There must be a variable assumptions defined whose keys are abbreviations for assumptions you will use (such as ‘constant g’, ‘hydrostatic’, etc.), and values are longer (but still short) descriptions for those assumptions (such as ‘g is constant and equal to 9.81’, ‘the hydrostatic approximation is valid’, etc.). The values are only used when generating documentation for your equations (and when other users are looking at your code to figure out what your assumptions mean).


assumptions = {
    'hydrostatic': 'hydrostatic balance',
    'constant g': 'g is constant',
    'constant Lv': 'latent heat of vaporization of water is constant',

automatic documentation

Docstrings can be automatically generated for your equation functions using a decorator generated by atmos.decorators.equation_docstring(). The easiest way to use this decorator is to define the following function in your equation module:

def autodoc(**kwargs):
    return equation_docstring(quantities, assumptions, **kwargs)

You do not need to use this generator (or have any documentation) for your equations, but since automatically generating docstrings ensures they are always kept up to date when you update your functions, it is recommended.

writing equation functions

Any function in your module whose name follows the convention “{quantity}_from_*” is considered to be an equation function by BaseSolver. Here is an example equation function (assuming autodoc has been defined as above):

@autodoc(equation=r'qv = \frac{(\frac{Tv}{T} - 1)}{0.608}')
@assumes('no liquid water', 'no ice')
@overridden_by_assumptions('Tv equals T')
def qv_from_Tv_T(Tv, T):
    return (Tv/T - 1.)/0.608

At the least, an equation function must:

  • have a name conforming to “{quantity}_from_*” with a quantity that is present in your quantity dictionary
  • be decorated by atmos.decorators.assumes()
  • take in only variables that are abbreviations present in your quantity dictionary
  • return only one variable, which is the result of the equation

If you choose to decorate with autodoc, you must have the decorator above any other equation decorators so that it can use the metadata they attach to the equation function. autodoc takes in an optional keyword argument equation which is a latex-formatted string of the equation used.

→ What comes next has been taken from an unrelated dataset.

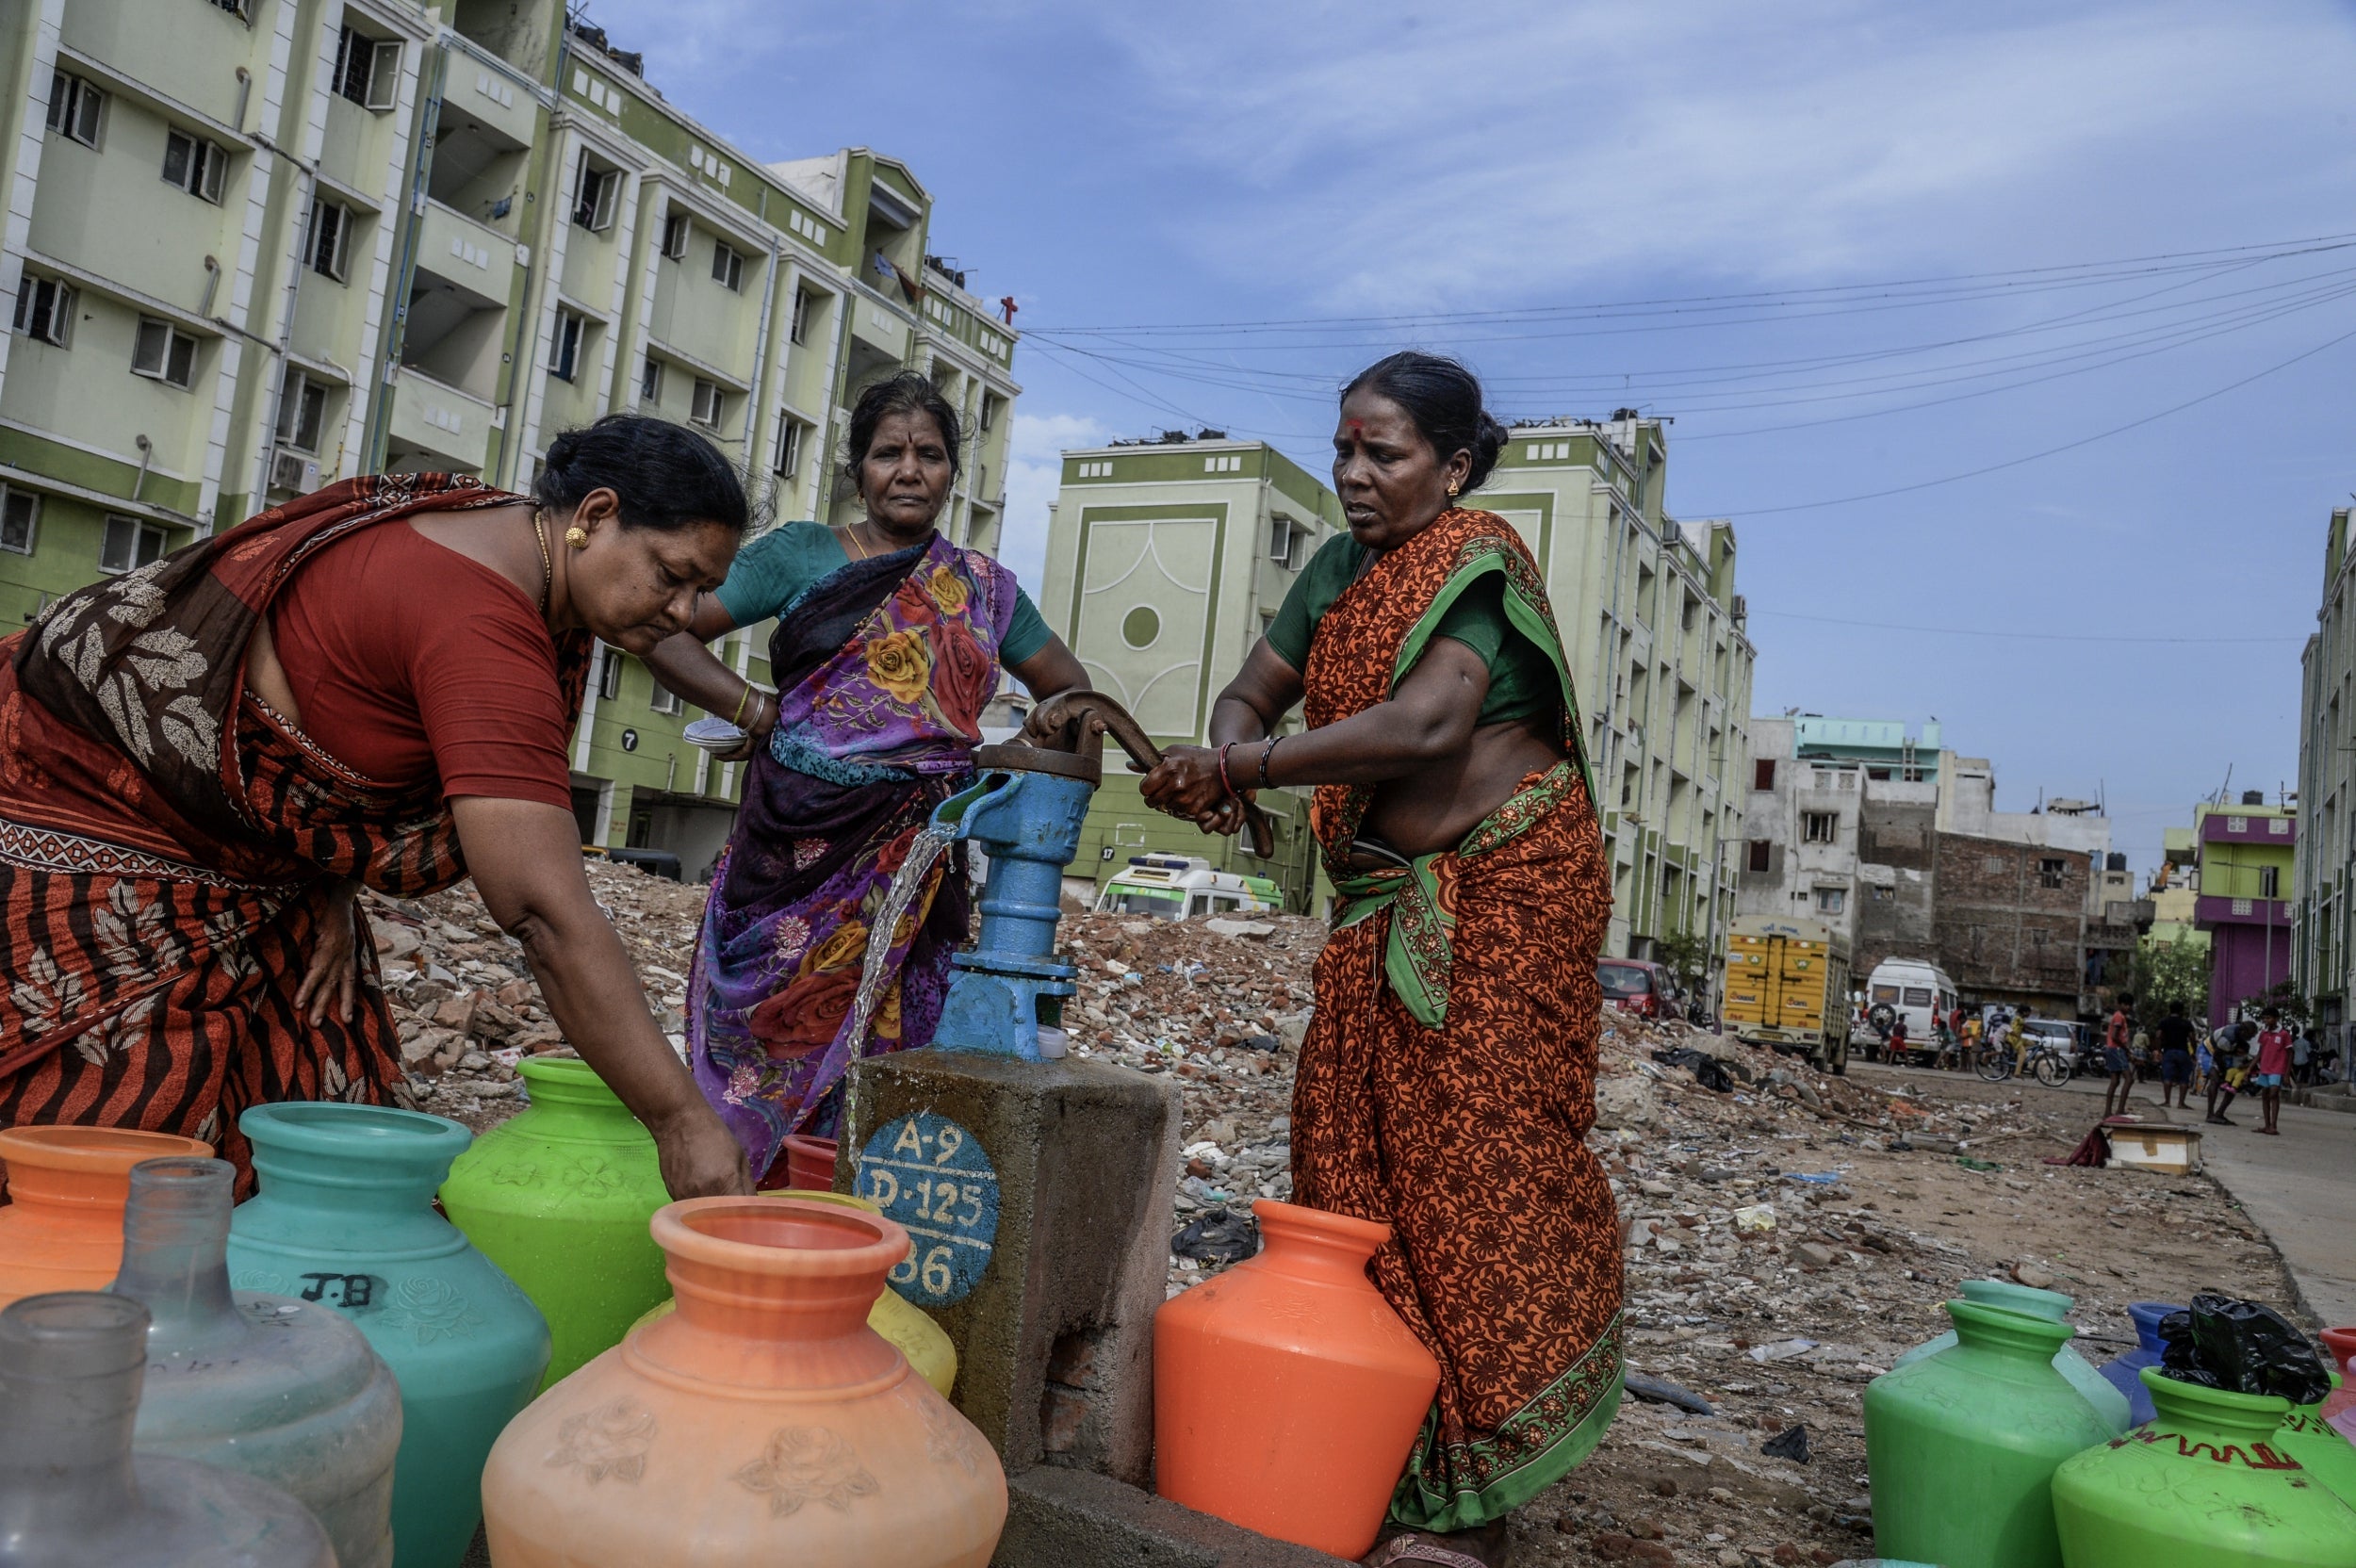 Residents of a housing complex in the city of Chennai fill water from a pump on 29 June

The decorator atmos.decorators.assumes() takes in assumption abbreviation strings which correspond to assumptions made by the equation described in the function. This equation will only be enabled if all of its assumptions are enabled.

The decorator atmos.decorators.overridden_by_assumptions() is optional, and if present takes in assumption abbreviation strings which correspond to assumptions that override the equation described in the function. If any of these assumptions are enabled, this equation will be disabled.